- Standard hedge ratio calculations compare the dollar duration of DB plan assets to that of the plan’s liabilities, with no consideration of the different credit quality or of the different yields that drive asset and liability valuations.
- Corporate bonds exhibit much less “empirical duration” and much more “empirical spread duration” than standard duration measures suggest.
- Equities and other risk assets typically exhibit substantial, negative empirical rate duration and substantial, positive empirical spread duration, even though they are usually assumed to have zero duration.
- Because of these discrepancies, managing a typical DB plan according to standard hedge ratio metrics will leave it dramatically less hedged against movements in yields and dramatically more sensitive to movements in credit spreads than its managers realize.
- We formulate and report effective hedge ratio and effective spread hedge ratio measures based on the real-world performance of assets and DB liabilities.
- Our effective hedge ratio metrics can be used to produce DB allocations that more effectively hedge DB liabilities while also targeting adequate returns.

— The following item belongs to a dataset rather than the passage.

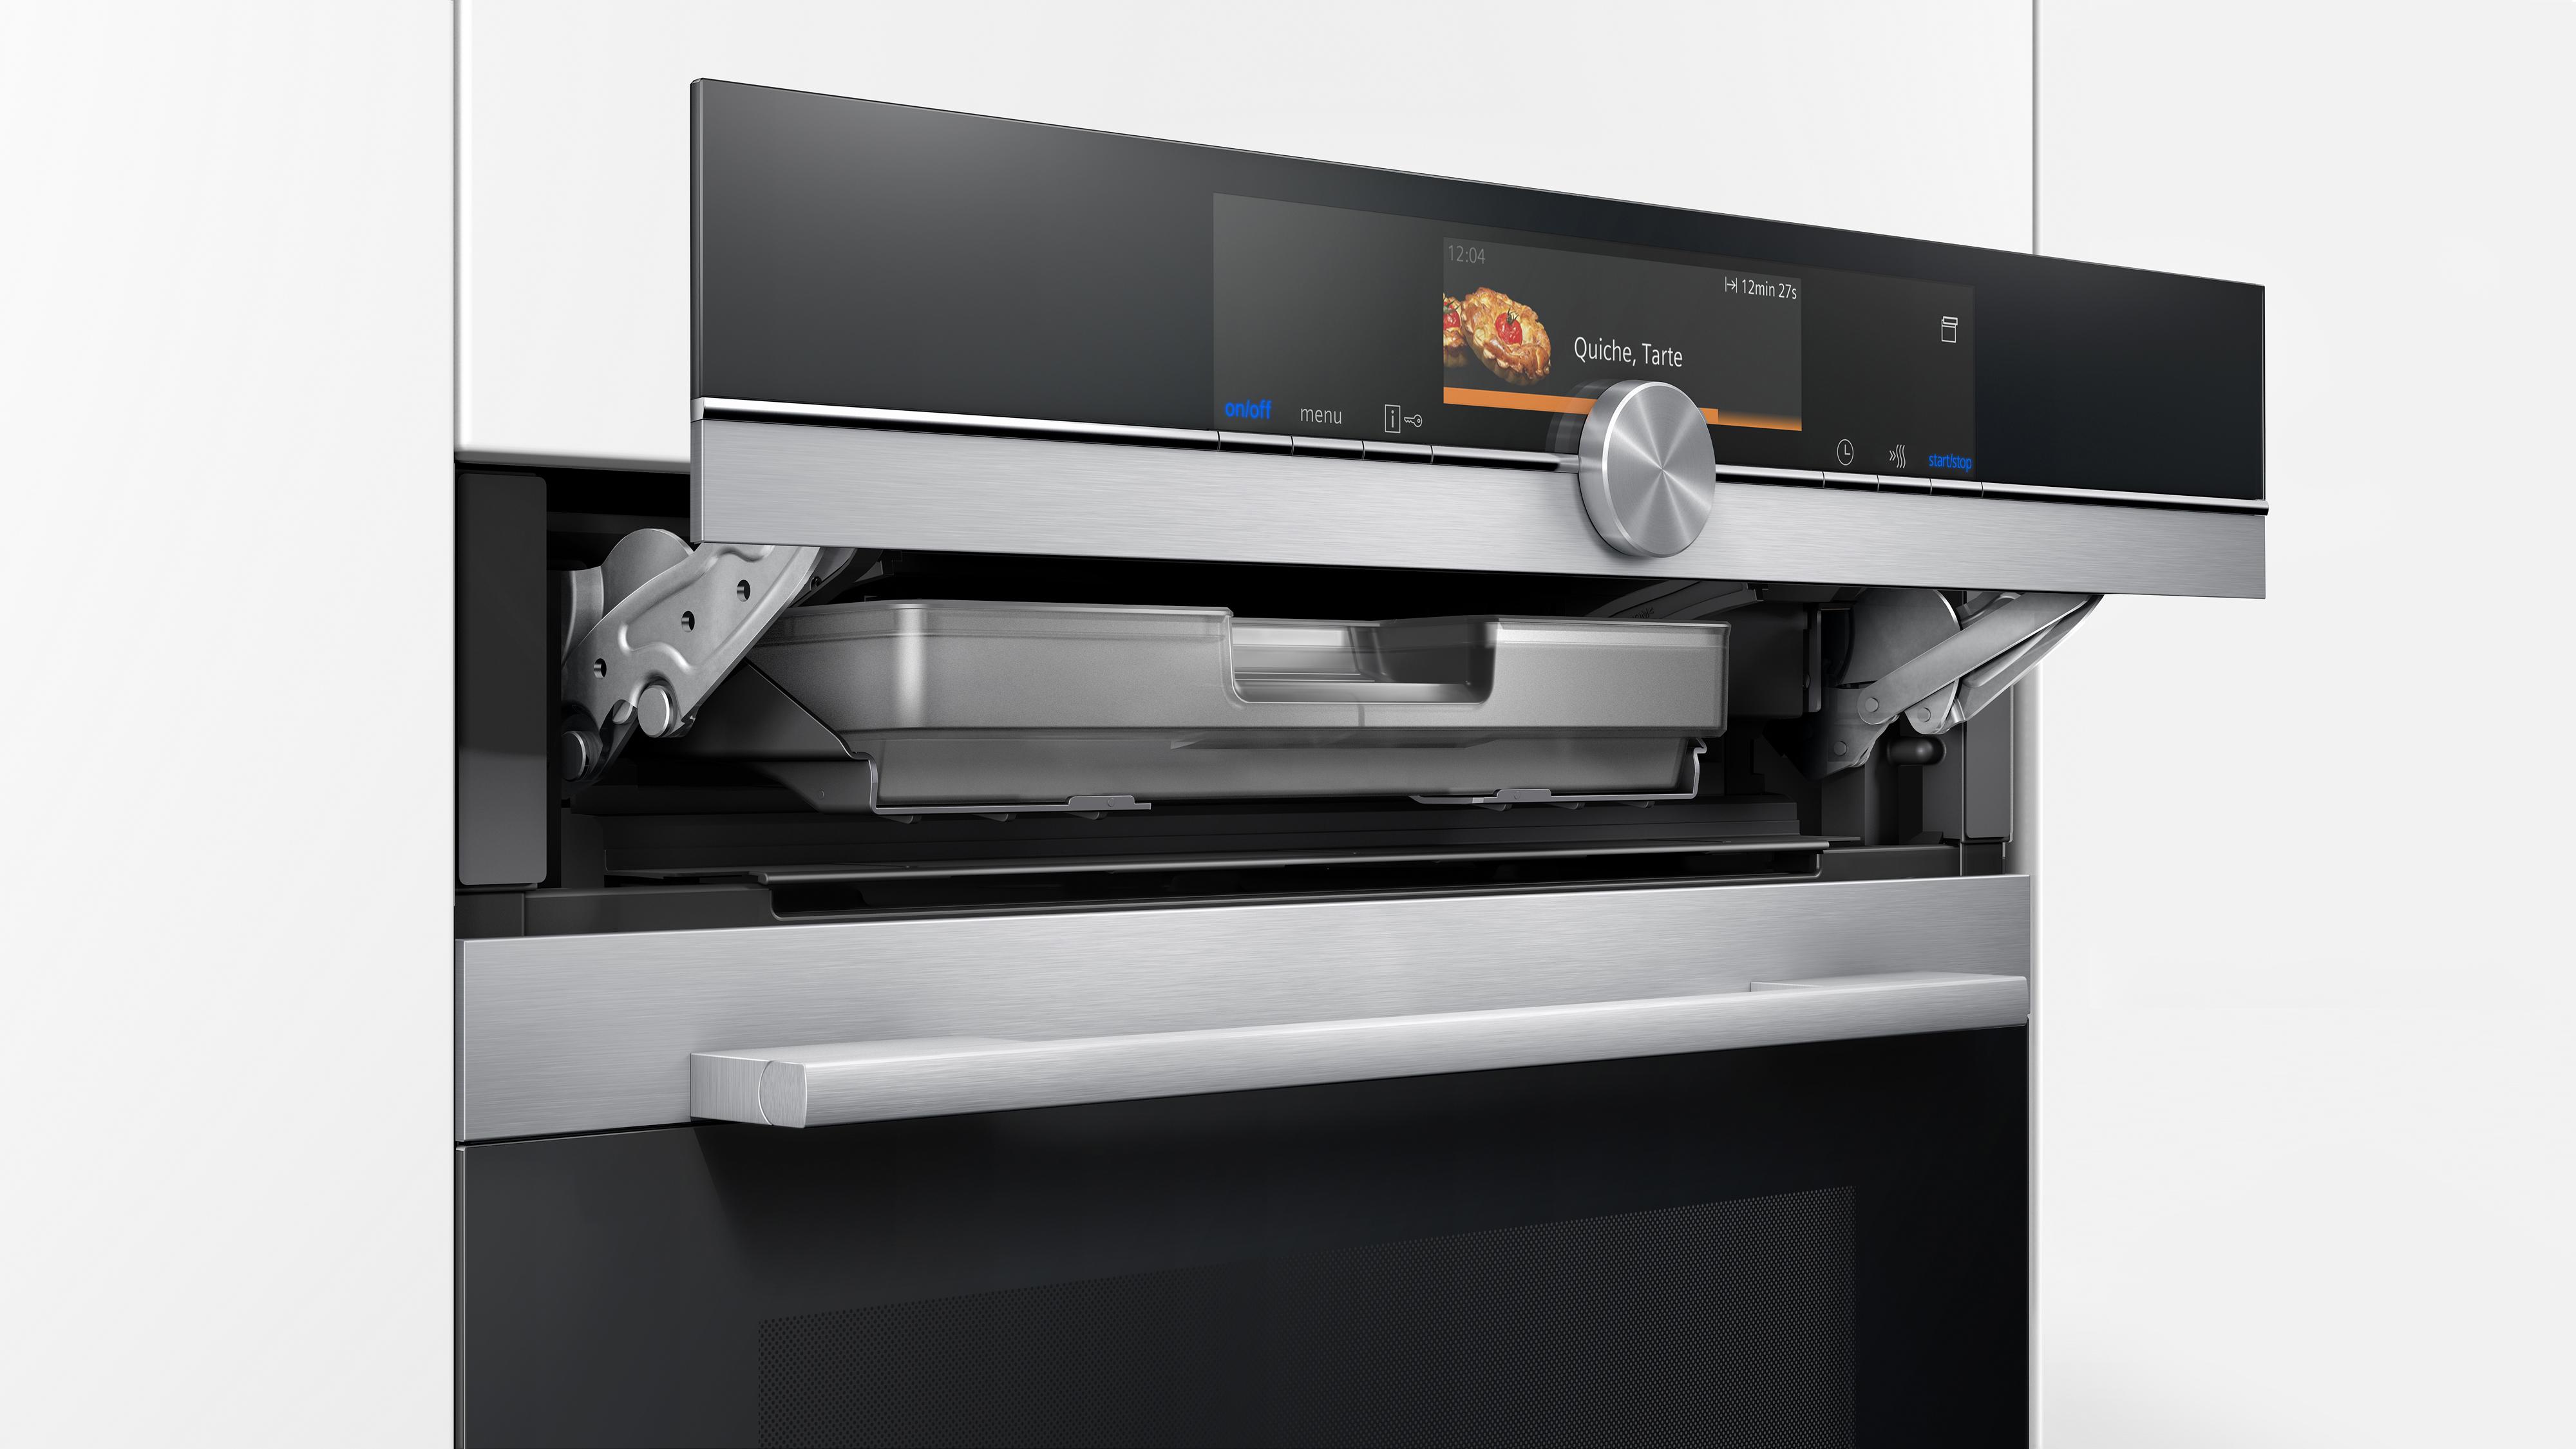 Uncategorized Compact Kitchen Appliances kitchen home qvc uk compact appliances tboots us siemens ajkb
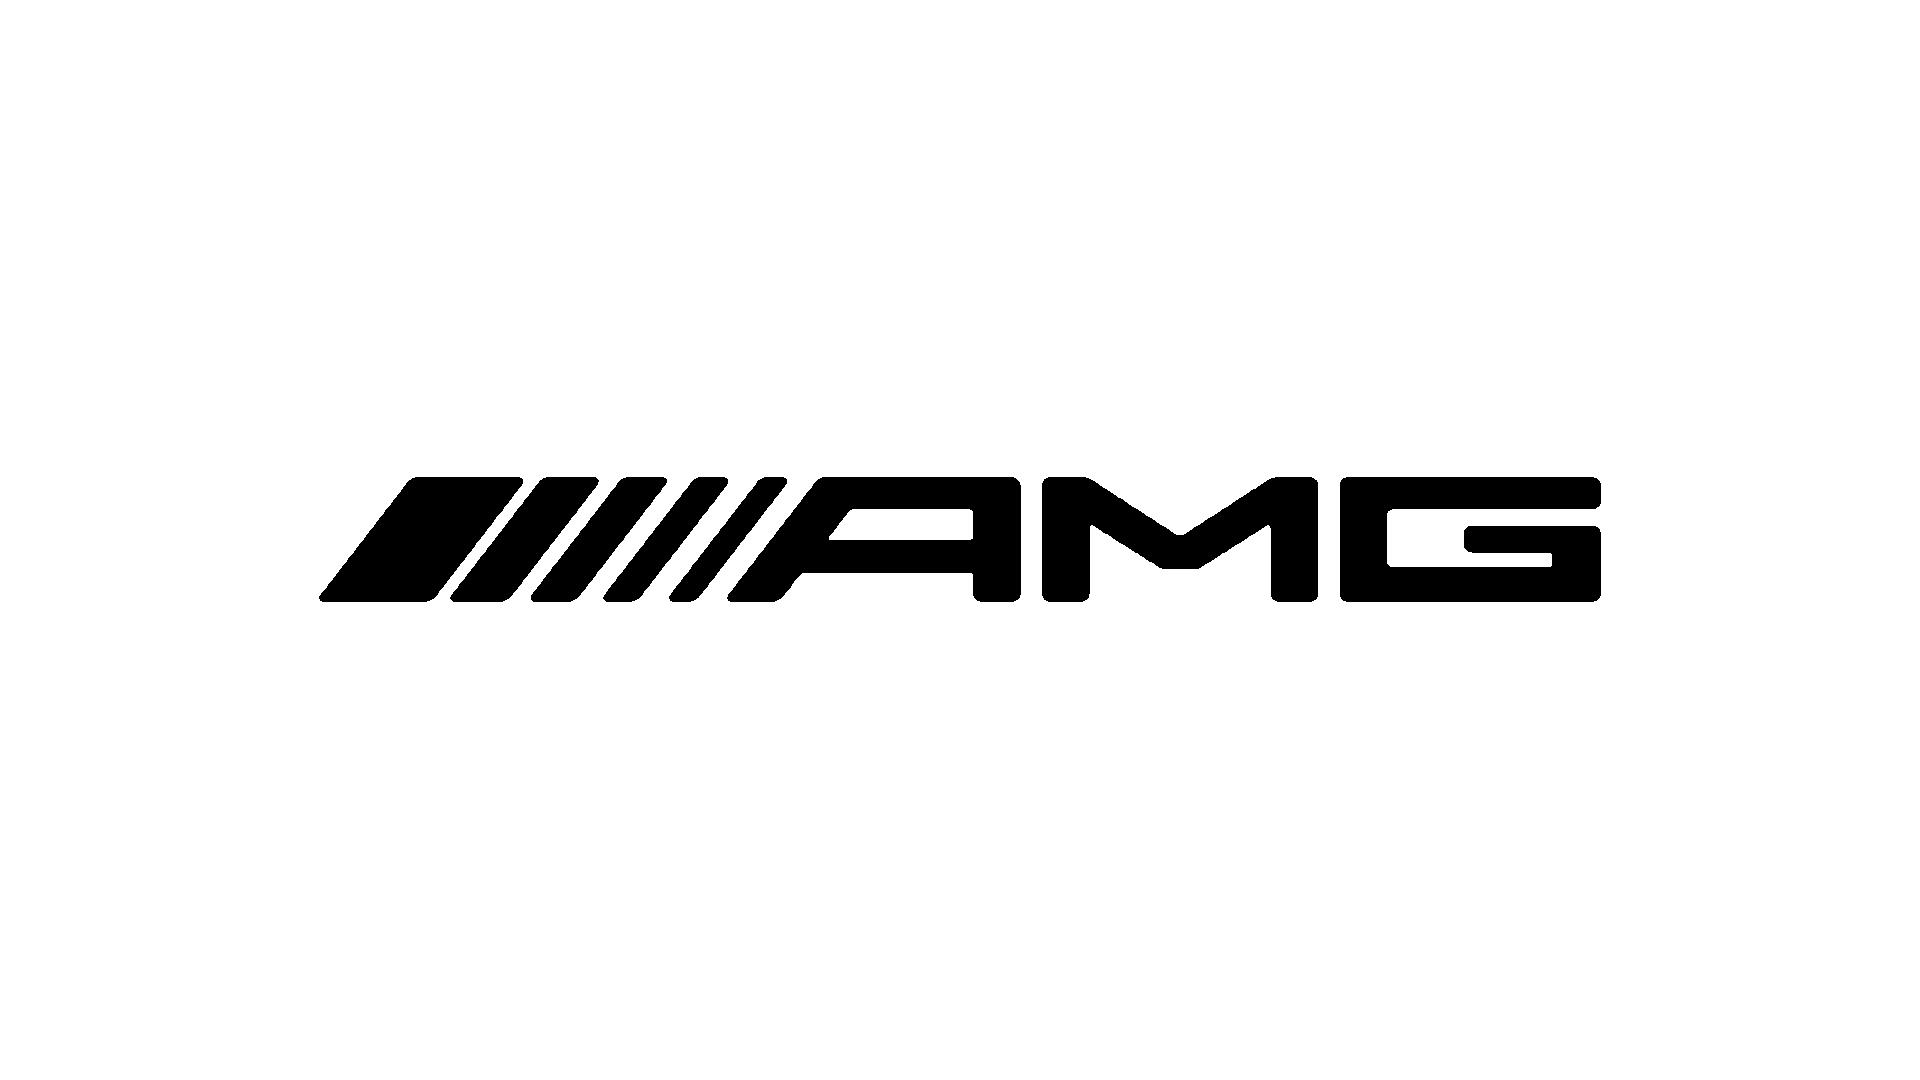 Mercedes Amg Logo Wallpaper Hd wwwpixsharkcom   Images 1920x1080

Many defined-benefit (DB) pension funds zealously target and track their hedge ratio: the ratio of the dollar duration of their plan assets to that of their liabilities. They believe this measure accurately reflects the extent to which the interest-rate sensitivity of their liabilities is hedged by the interest-rate sensitivity of their assets. In actuality, the accuracy and utility of standard hedge ratio measures depend on assumptions about yields and credit spreads that are far removed from reality.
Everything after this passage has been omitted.